Мамаев омут
Шрифт:
Соль и спички
Убежав со сбора, Алёша долго бродил один, скрываясь от ребят. Он с горечью и обидой перебирал в уме все те напасти, которые на него обрушились. И за что?.. Но тут Алёша вспомнил областной слёт юннатов и ужаснулся. Если бы люди знали, какой он хвастун и задавака! Мало того, что он сболтнул про тридцать тысяч сусликов, он ещё ни словом не обмолвился на слёте ни про Мишку Чистова, ни про Саню, которая лучше всех ухаживала за поросятами,
Да что хвастовство! Алёша даже был — страшно подумать! — вором. Кто однажды стащил у Феди Четверикова резную можжевёловую палку? Он, Алёша. А кто в другой раз взял из куриного гнезда четыре ещё тёплых яйца и променял их на кедровые орешки? Опять он, Окуньков. А кто… Да мало ли какие проступки мог совершить за свою жизнь человек, которому в этом году уже стукнет двенадцать лет! И вот сейчас все они, как назло, вспоминаются… Уже давно улеглась пыль, поднятая стадом, всё ярче, как начищенный наждаком, блестел вылезший из-за тучки молодой серебряный месяц. Над крышами притихшего села заструились сизые дымки. Они сливались в широкую фиолетовую струю, медленно сползавшую в низину, к реке, из-за которой доносилась протяжная, в два голоса песня. Накрыв реку, дым перебрался на другой берег и потянулся к яркому огоньку костра, блестевшему в дальней роще за рекой.

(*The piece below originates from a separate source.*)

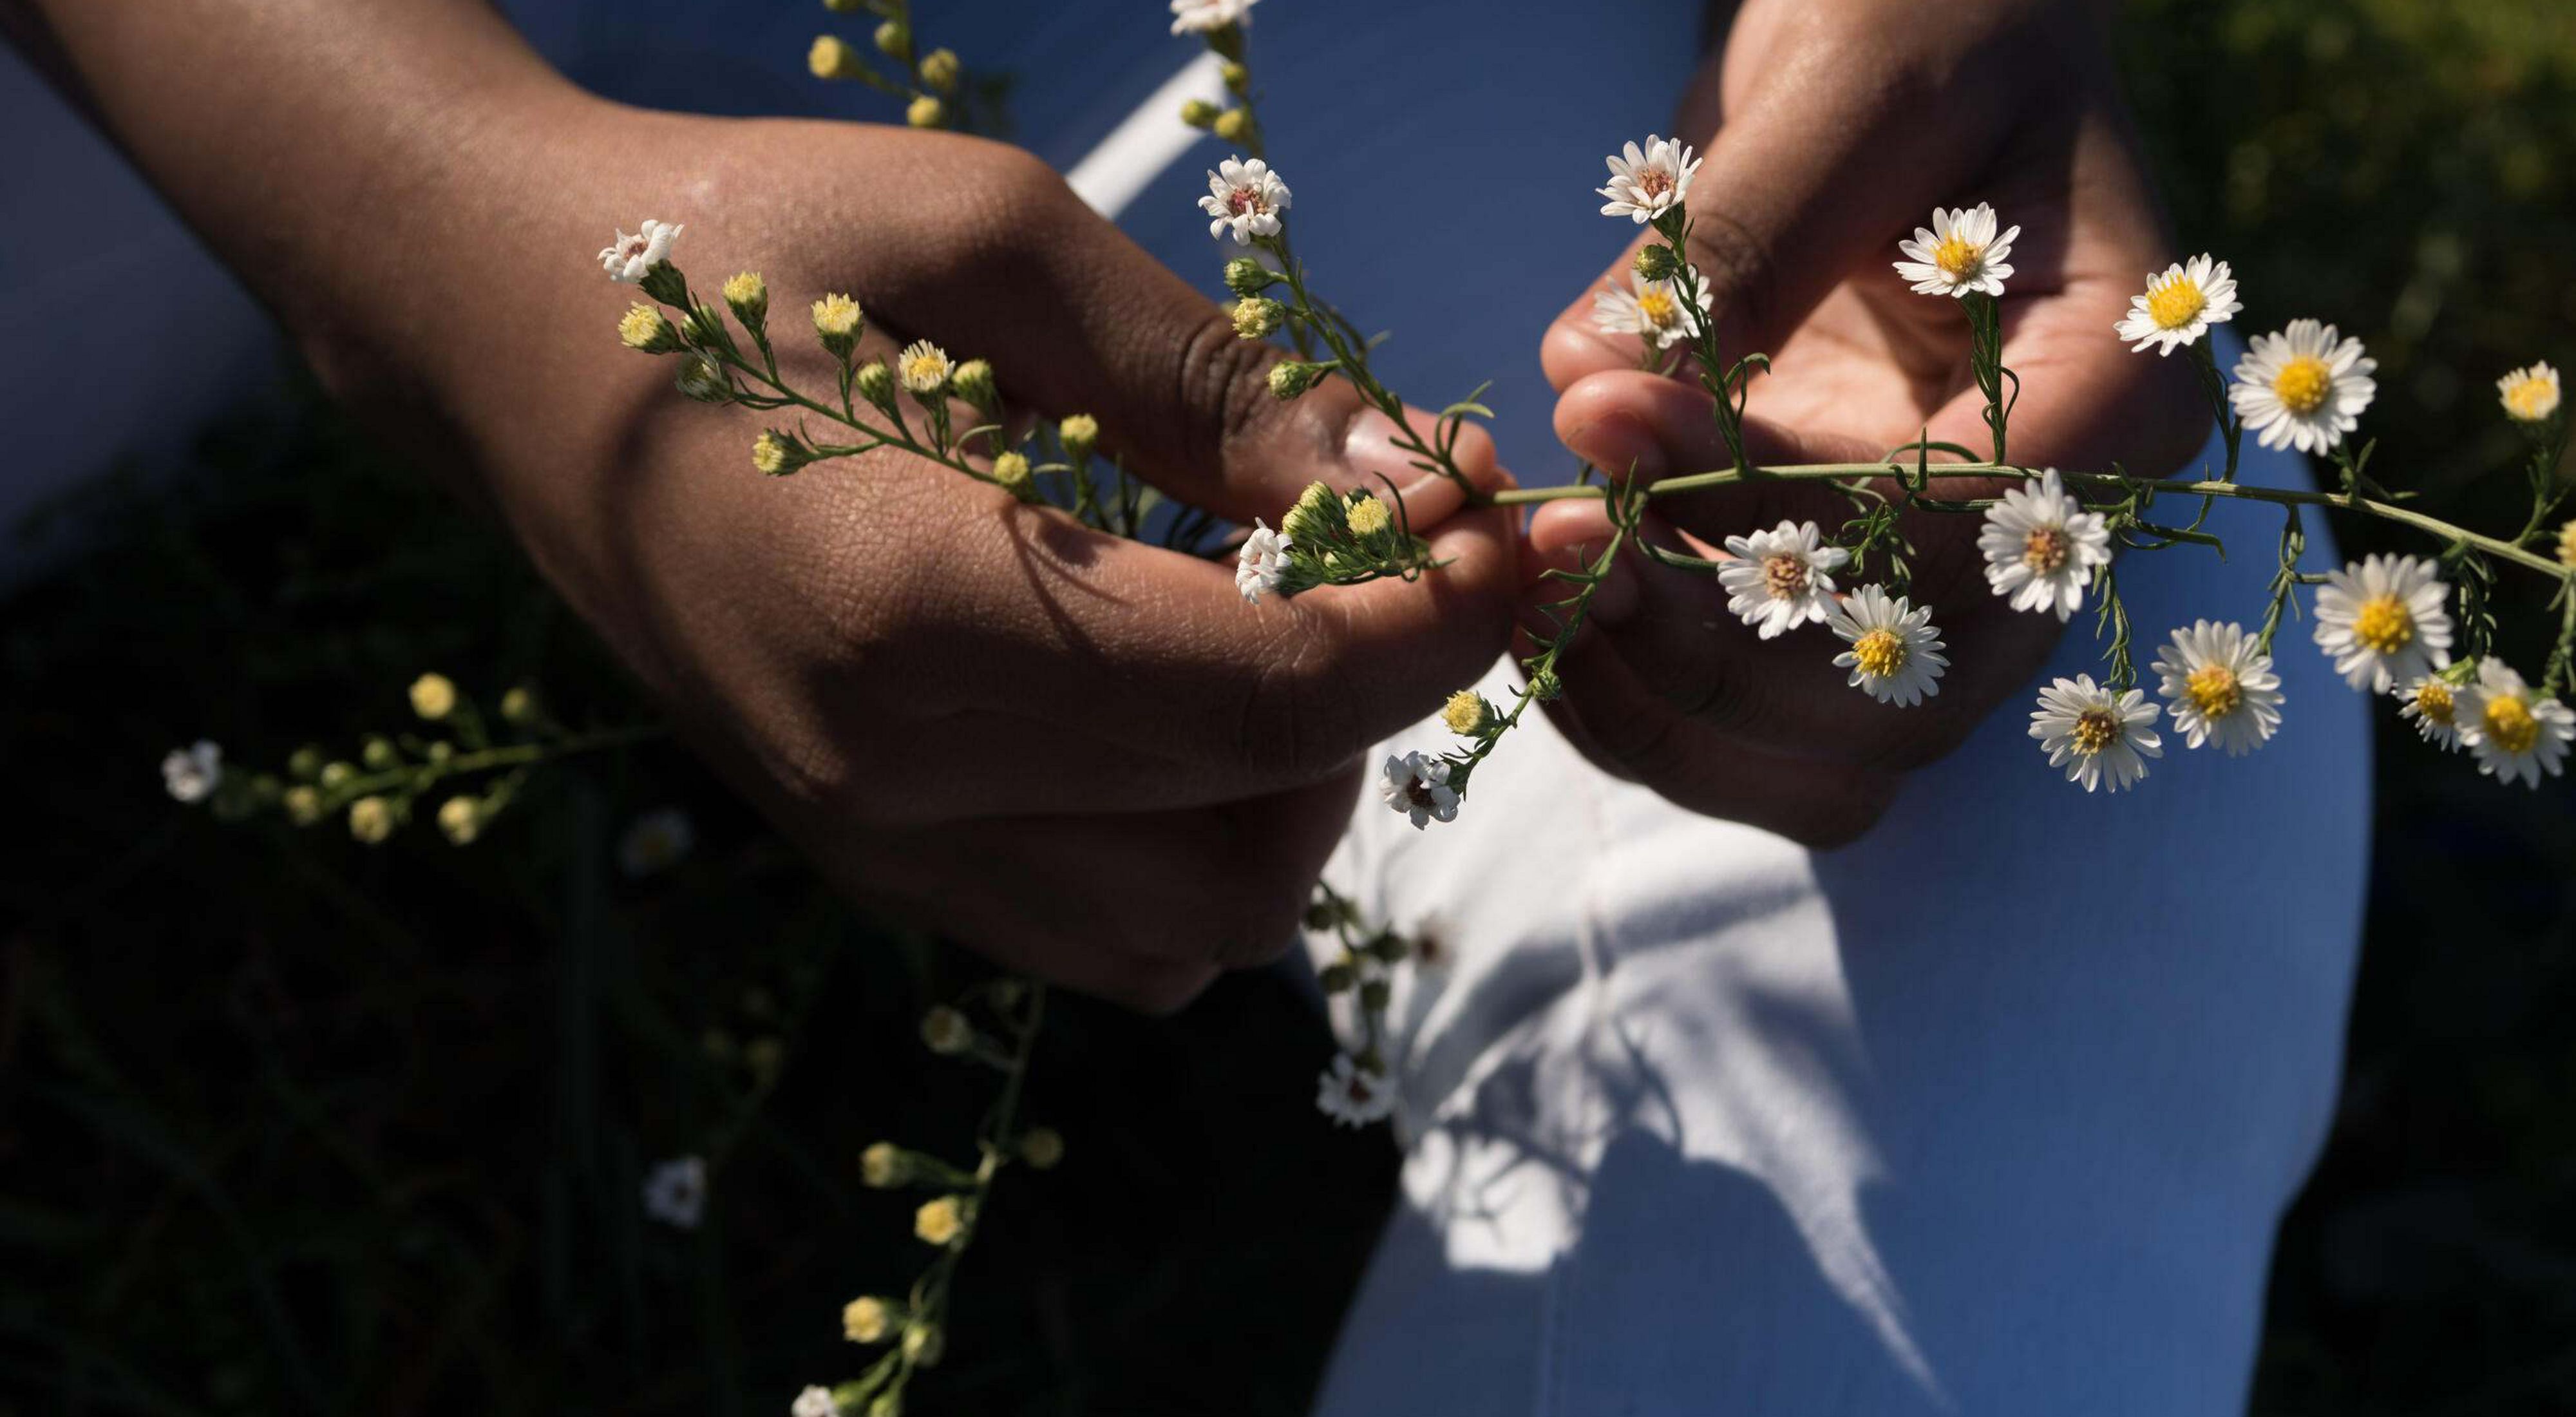 Two hands nursing a stem with small white flowers

Алёша вернулся домой поздно. В тёмных сенях он налетел на кадушку и зашиб коленку.
— Так тебе и надо! — злорадно зашептал Алёша. — Не ври, хвастун… не ври!

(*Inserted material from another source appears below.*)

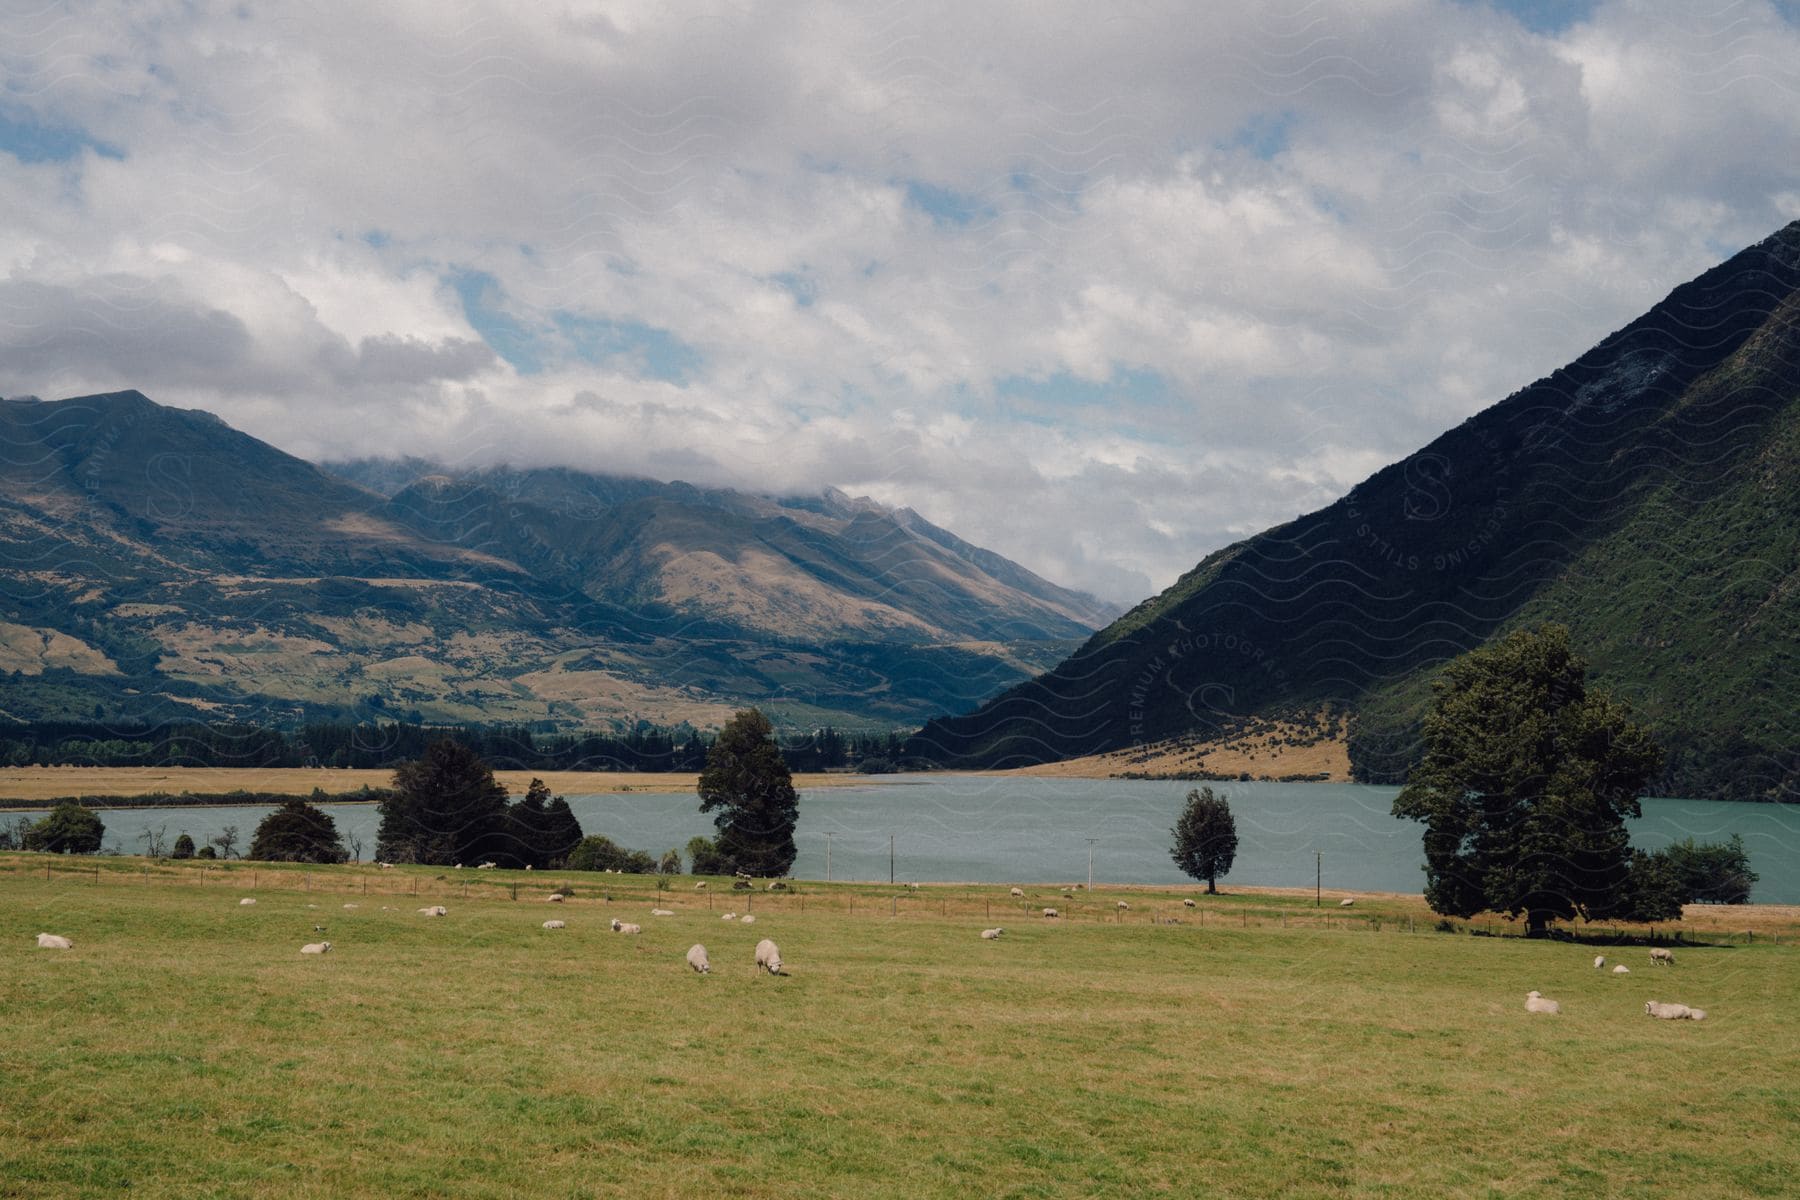 Sheep grazing in a green field with a backdrop of mountains and a lake under a cloudy sky.

Не прикоснувшись к приготовленной для него еде, он быстро разделся и юркнул в постель. Вскоре пришла и Евдокия Павловна.
Она уже кое-что слышала о неприятностях, которые постигли её сына, и сейчас, глядя на Алёшу, тяжело вздохнула. «Когда же наконец Алёша образумится, когда перестанет выдумывать? — подумала она с досадой и тревогой. — Растёт, как лопух в огороде. Вот и спать лёг не поевши». Но тут Евдокия Павловна заметила, что освещённый месяцем конец одеяла, под которым лежали Алёшины ноги, изредка вздрагивает.
Присев на край Алёшиной кровати, мать осторожно провела ладонью по взъерошенным волосам сына.
Веки, а затем и губы Алёши начали вздрагивать, в уголках закрытых глаз набежали слёзы. Алёша повернулся к матери спиной.
Евдокия Павловна поправила подушку и, тихонько вздохнув, сказала:
— Вот, значит, какие дела-то, сынок.
Спина Алёши судорожно вздрогнула. Прерывистым от накипающих слёз голосом он с трудом выдавил из себя:
— Нам из обкома письмо пришло… насчёт сусликов…
— …которые ещё бегают в поле… — закончила мать. — Интересно! А ещё что?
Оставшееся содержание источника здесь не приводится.